During this time of isolation, the Berks County Quarantine Open Mic has fostered connections in the music community both locally and beyond.  “The page is a platform for getting people’s music out there, and it could help boost them in the future.  The value is really about the connections.” Zack has a real desire to see the original music scene flourish here in Berks County, and this is his goal for the future once things loosen up.  You can follow Zack DeSantis on Facebook or on Instagram, and be sure to check out Berks County Quarantine Open Mic and make the connection!

Dave Kline, Entertainer

If you’ve lived in Berks County for most of your life, you were sure to have been “entertained” at some point, by this high energy, and multi talented man!  A true force of nature, Dave Kline has collaborated and performed with countless bands and musicians locally and around the world, and he can also keep an audience alive and on its feet, all by himself!

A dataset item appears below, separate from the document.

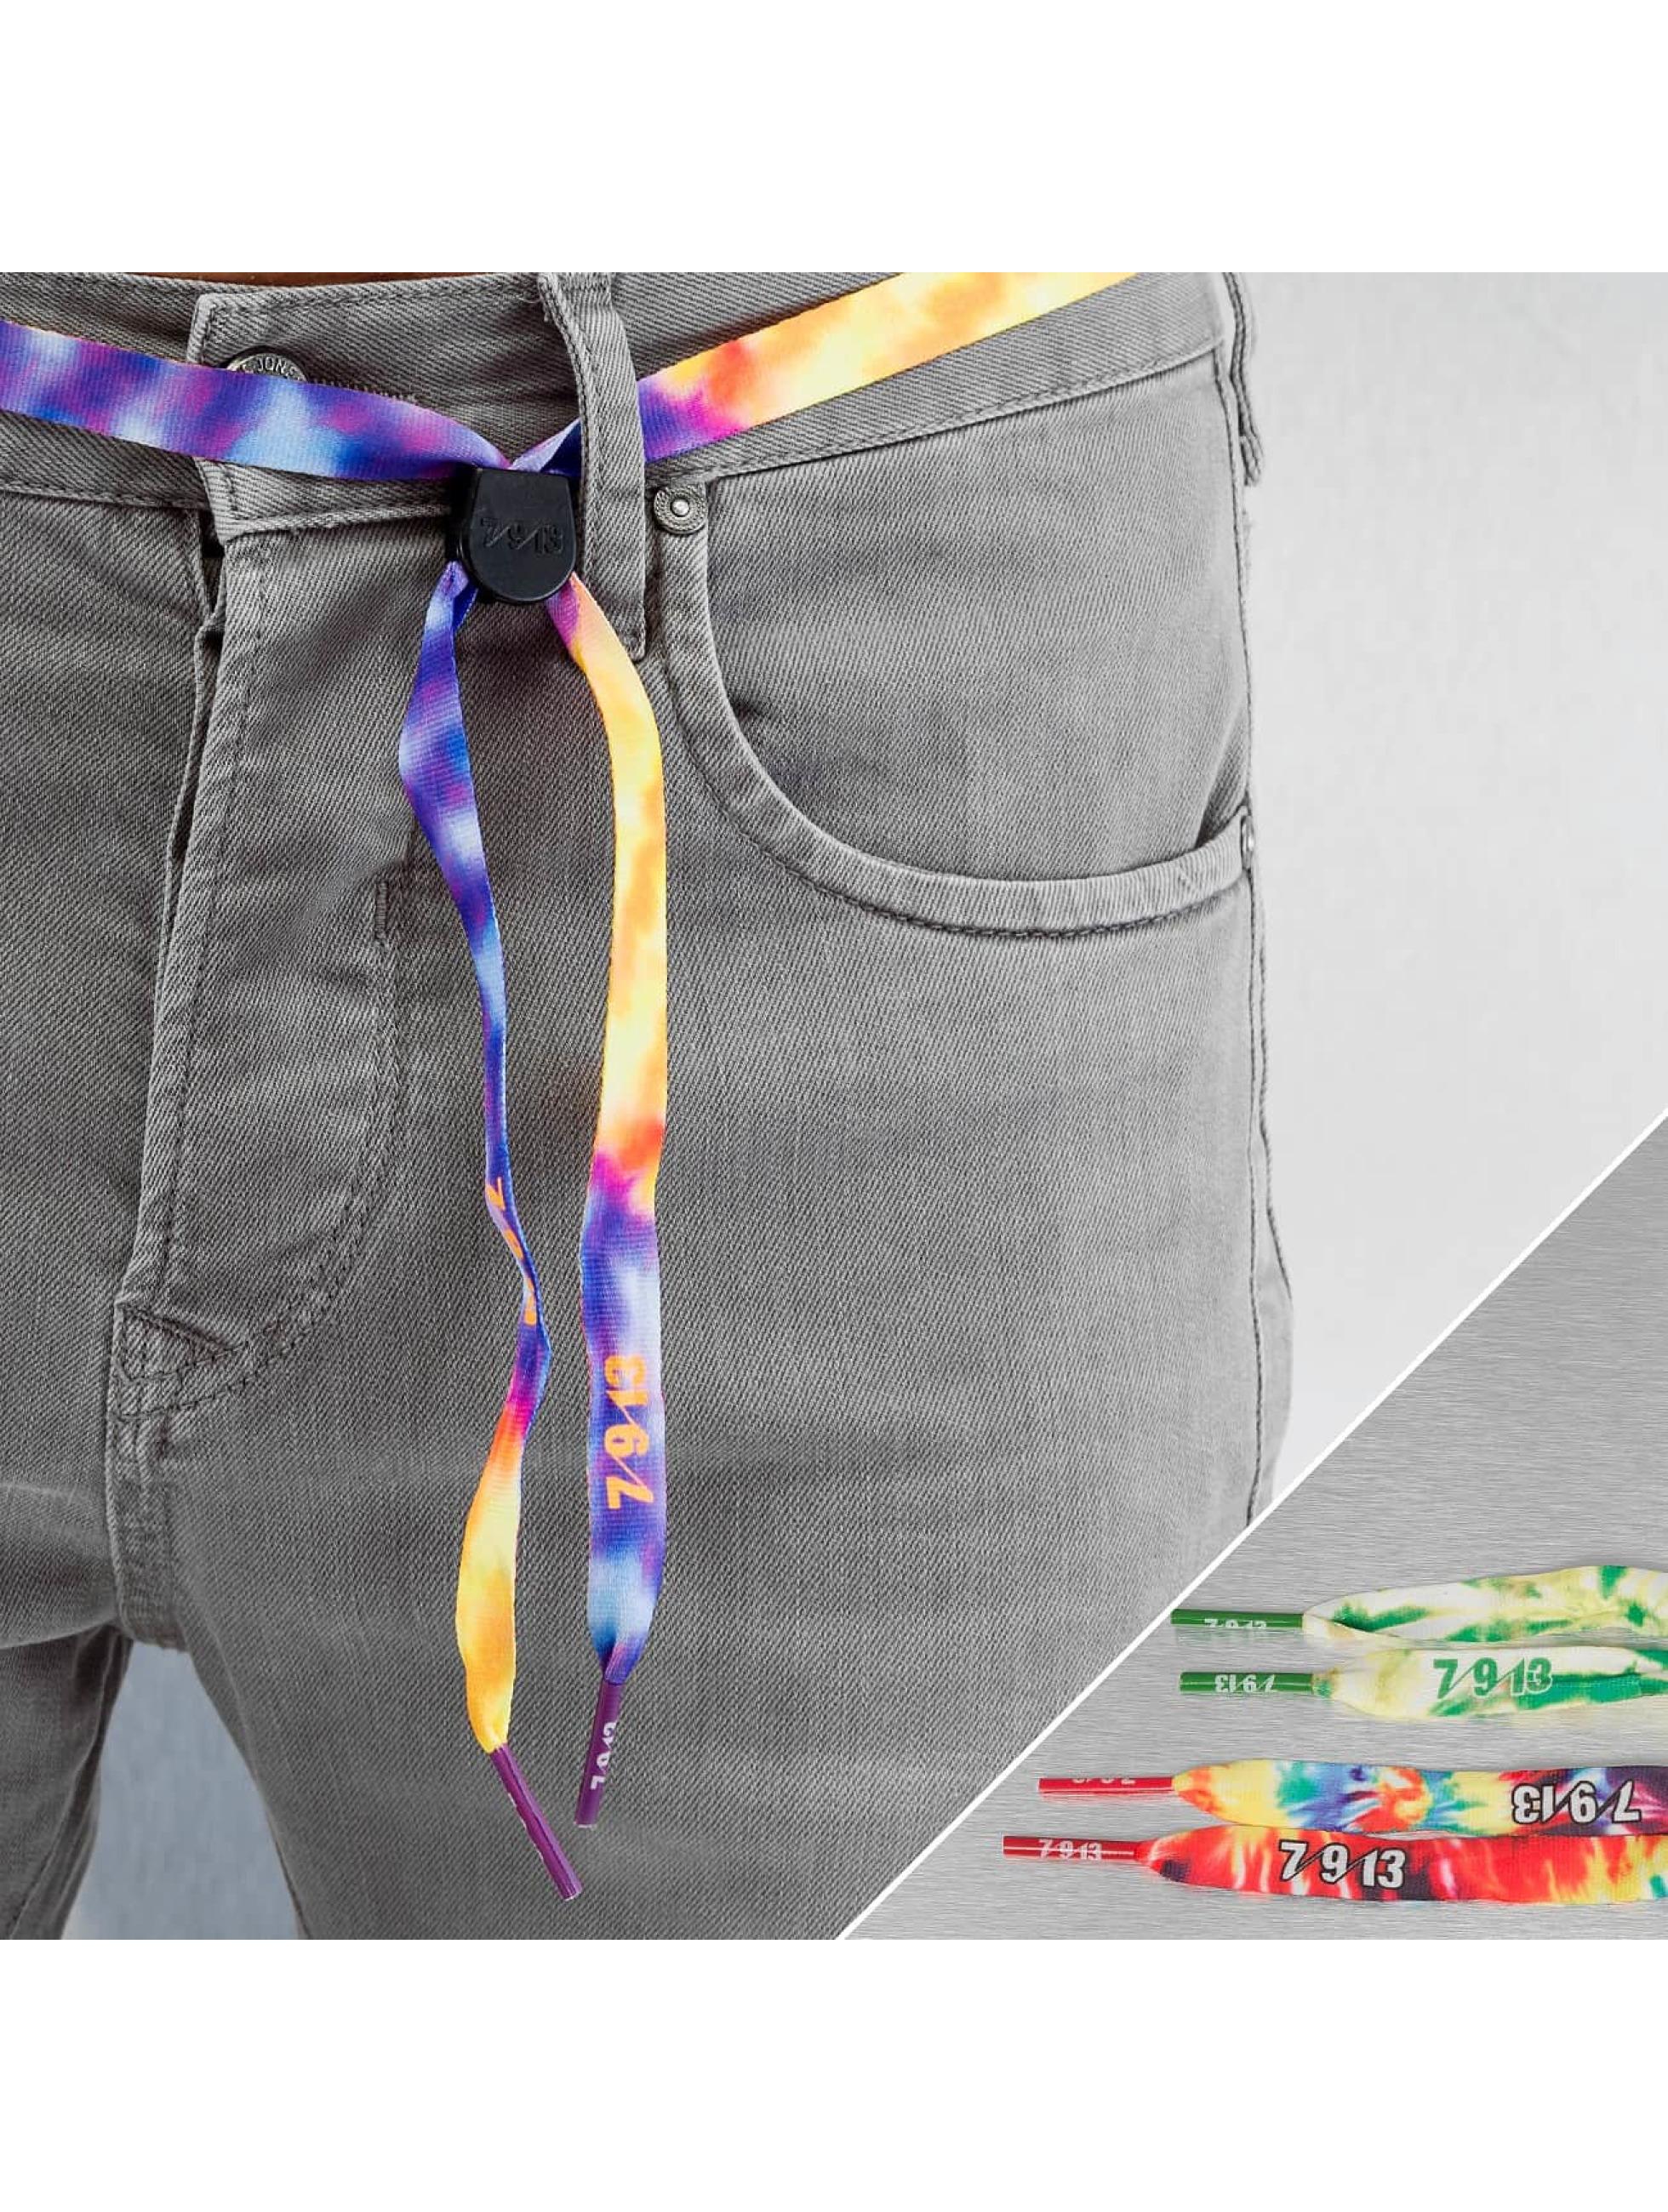 Seven Nine 13 Belt Hippie Too 3er Packs colored

Prior to the pandemic, Dave and his family were hit with two major setbacks; a lifetime career lost with the sale of the Reading Eagle, and a fire which devastated his family home right before Christmas. The community response and support for Dave and his wife Kathy after the fire was overwhelming, and a testament to his fierce involvement and dedication to countless projects and events here in Berks County.

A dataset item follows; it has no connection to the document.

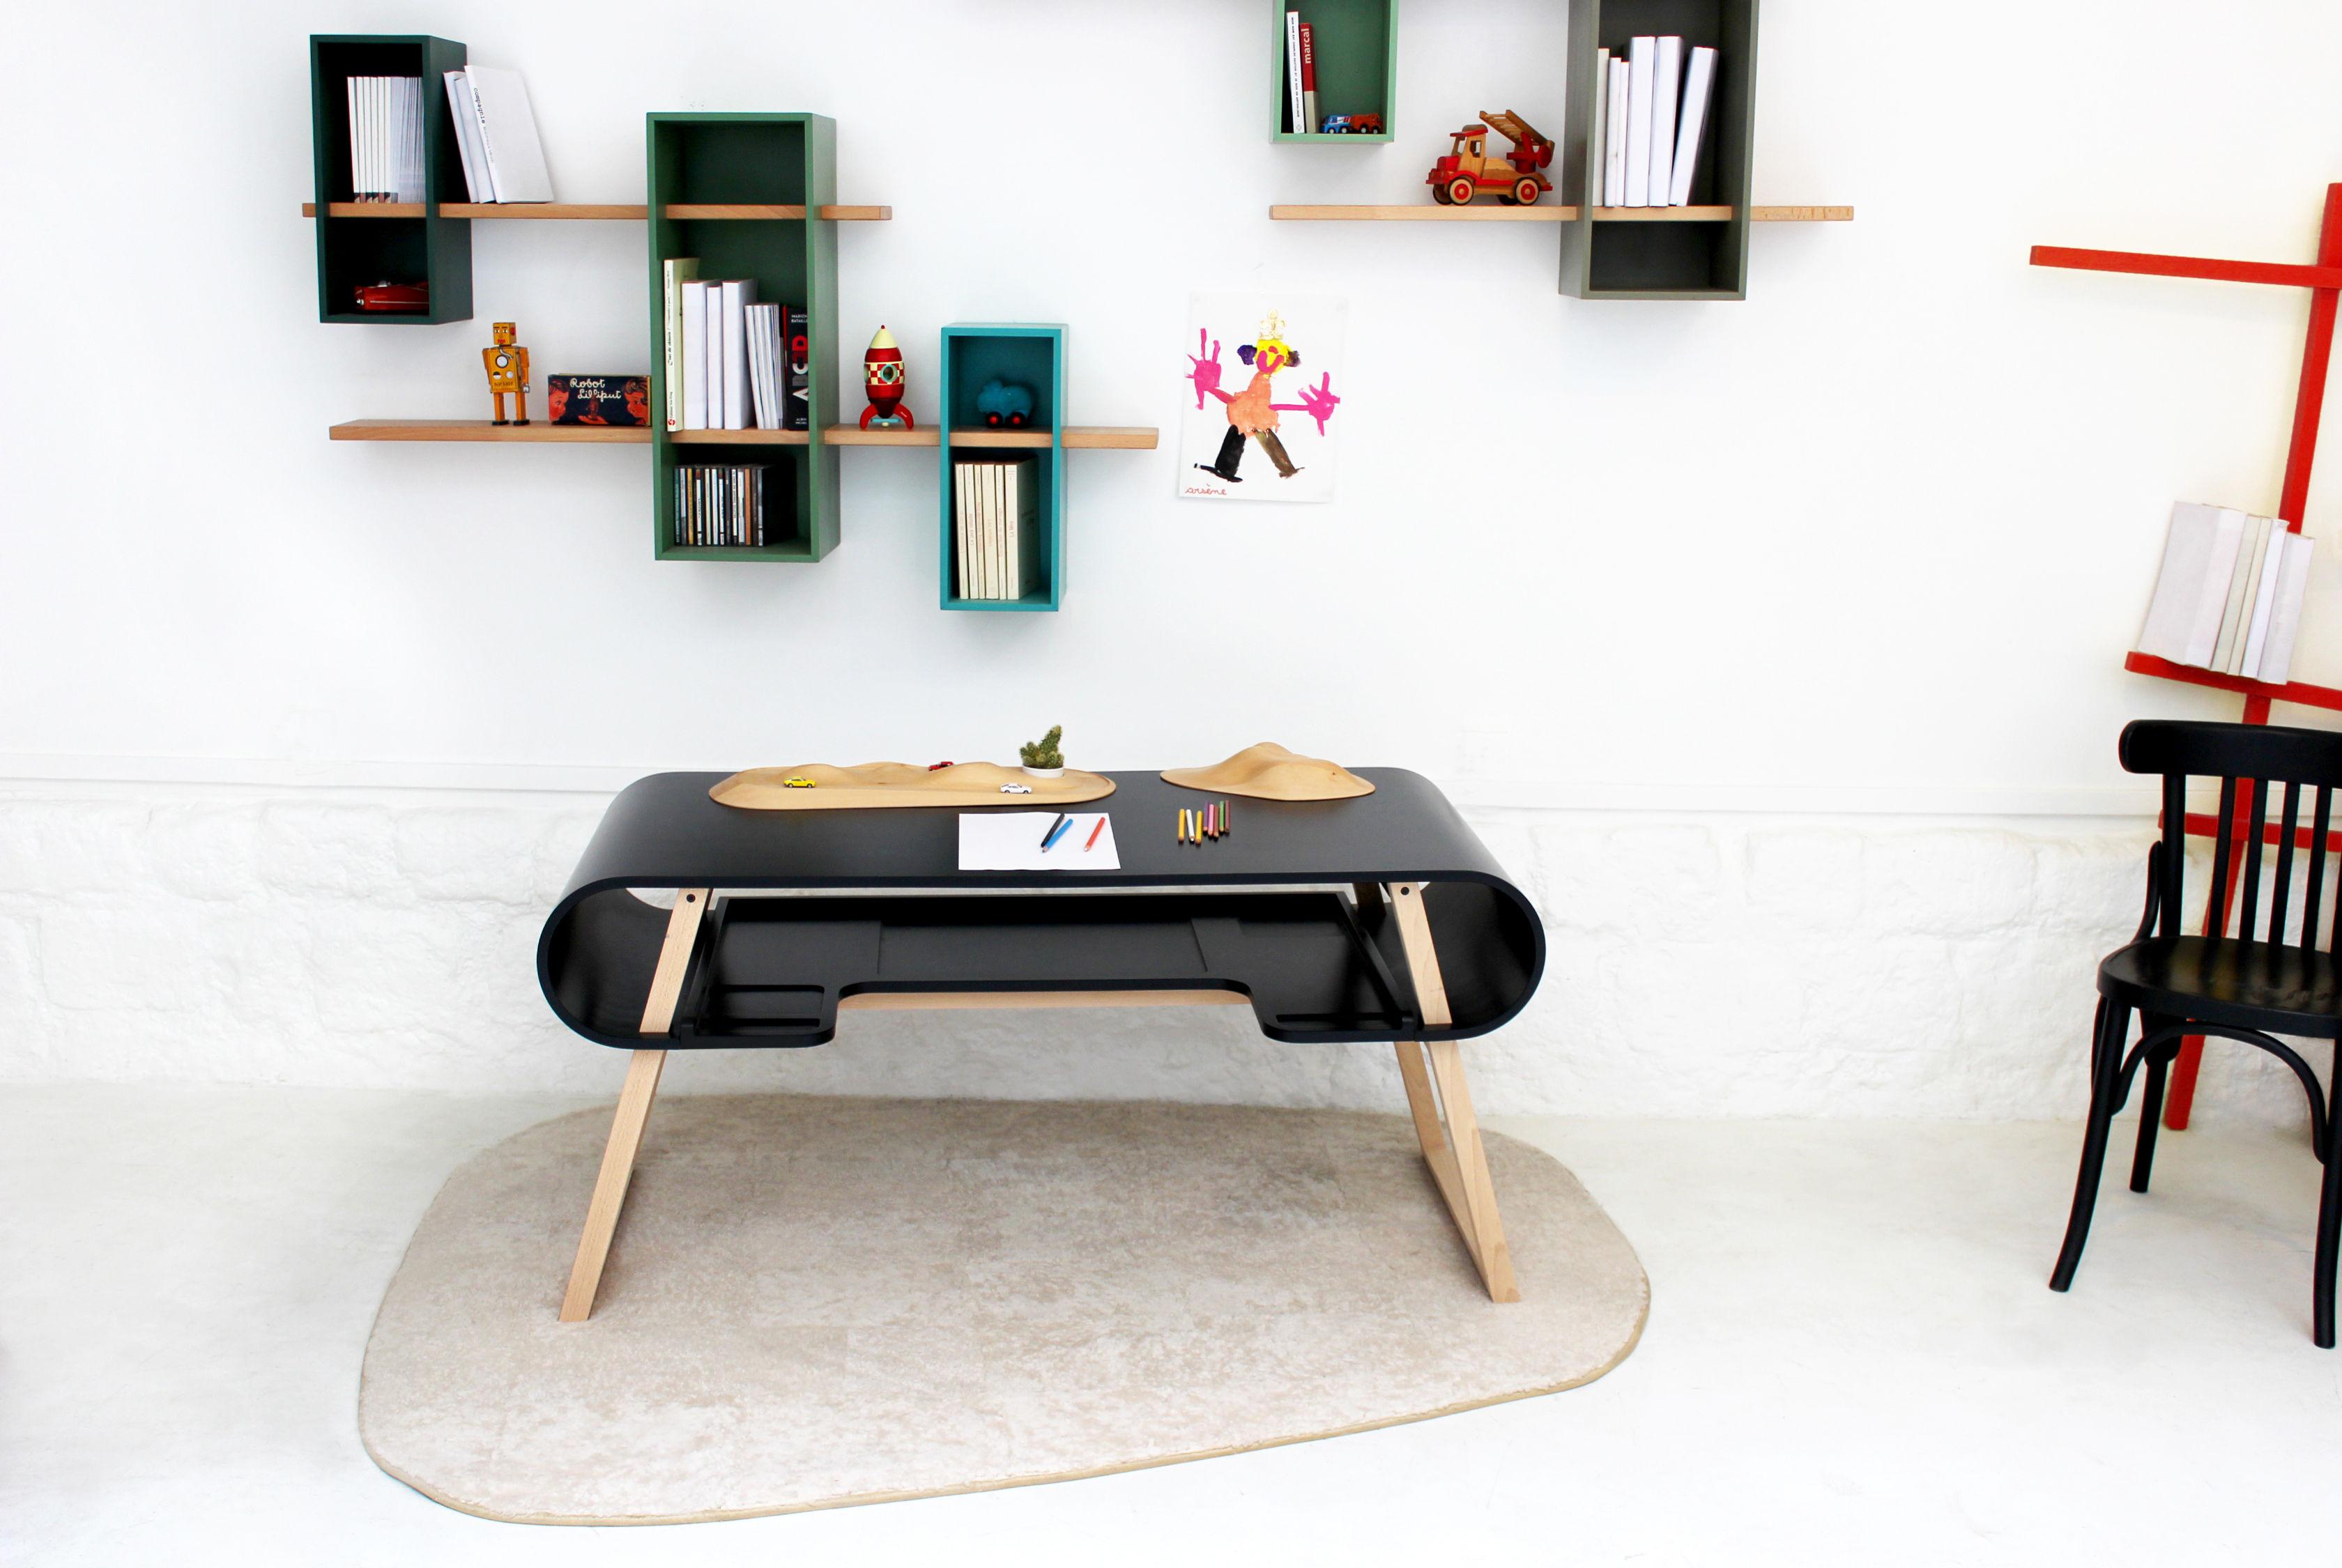 accessoire f r schreibtisch rubens set aus auto rennstrecke berg holz gewachst by. Black Bedroom Furniture Sets. Home Design Ideas

Although a lot of his stage attire, and instruments were lost in the fire, Dave found a way to keep all of his previously booked performances during that time period surrounding the fire.   As the calendar flipped to a brand new year, Dave was gearing up. “We had a fire at the house which was quite the disruption, then the entire spring calendar was booked up touring as front man with the Alex Meixner Band. We were booked for California, Texas, Louisianna, Ohio, Florida, New York, New Jersey, and Pennsylvania.  Simultaneously, Dave Kline and the Mountainfolk Band were booked to play in Westport, Ireland at the Westport Bluegrass Festival. I was also booked from April thru October playing with the band or someone else.  In early March, that all came to a crashing halt…It was devastating artistically, as well as financially devastating.”

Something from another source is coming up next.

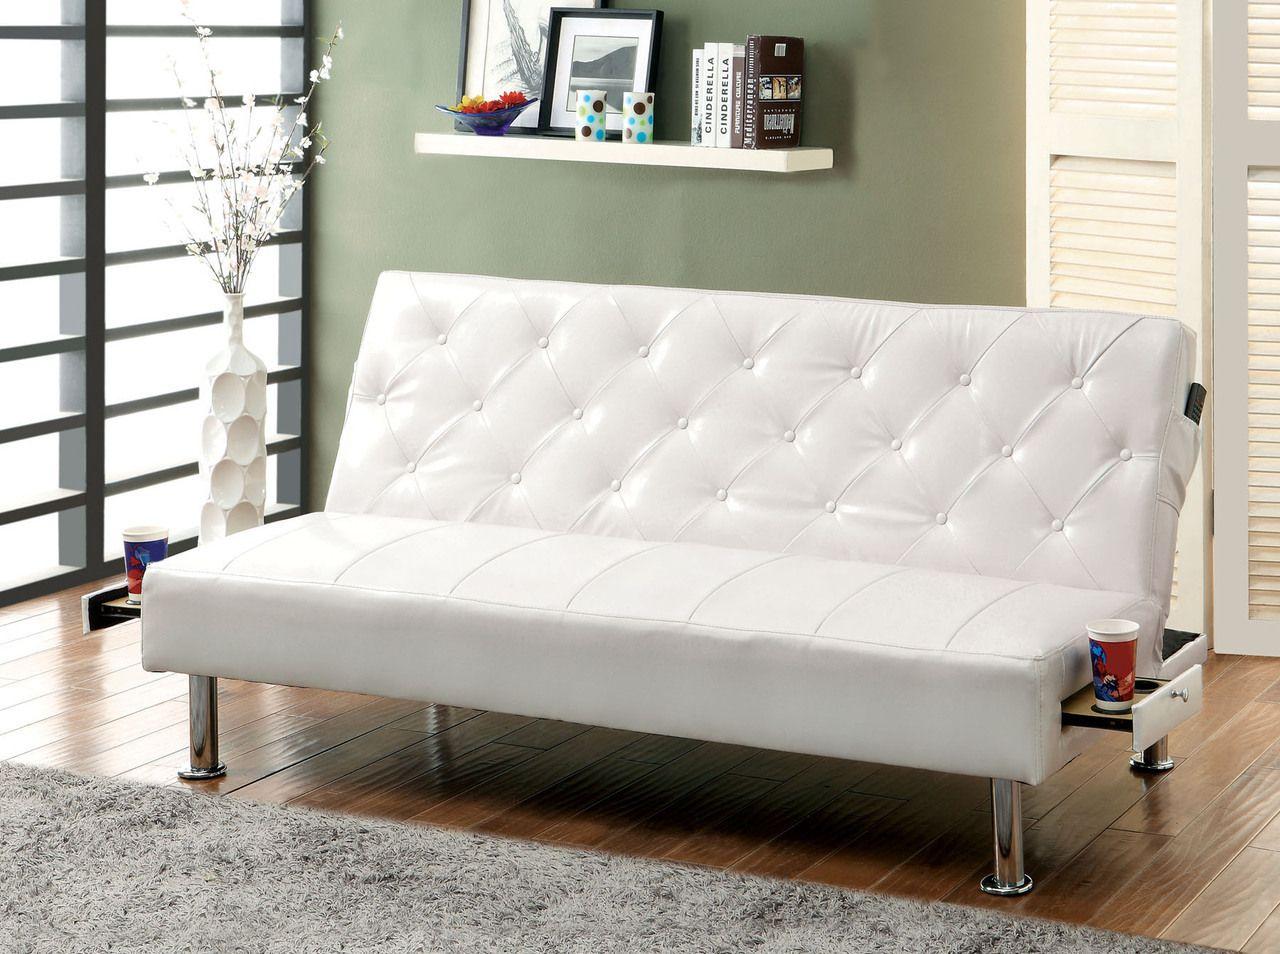 Desta White Leatherette Futon Sofa Bed Fun Futons Futon Sofa

Not easily defeated, Dave responded, “I switched gears again, I refer to a quote I once heard,  “It’s the tree that can bend in the storm, is the one that survives in the storm”…I flex.  Now I am back to a wonderful place where I’m writing a whole lot of music, I can take all of the time to create live streams, Ukelele Theatre, and Busker Incognito.  I’ve come to the realization, when we had the fire, I never experienced anything in my life like the support and kindness from everyone.  I thought to myself, how can I pay this back?  Me trying to help everyone is part of my payback by creating characters and sing alongs.” 

Dave’s daily posts and sing alongs provide an uplifting escape from the darkness of the pandemic during this quarantine.  The silver lining during this down time has afforded him more time to create music.  “The fortunate thing is that I have been spending time writing music, and writing music and collaborating with other musicians.  I have been recording music, and there are two cds in the works, church music, spiritual music, and uplifting stuff.” His thoughts on returning to normal “I love life and I have a 6th sense which allows me to connect with my audience.  Being out is important to my mental and spiritual well being, but right now I’m doing this through social media platforms…big concerts will be a totally different experience….This too shall pass.”


BCTV and Berks Weekly are working together to bring you the stories of our community during the COVID-19 pandemic. This media partnership is made possible in part by the support of Berks County Community Foundation.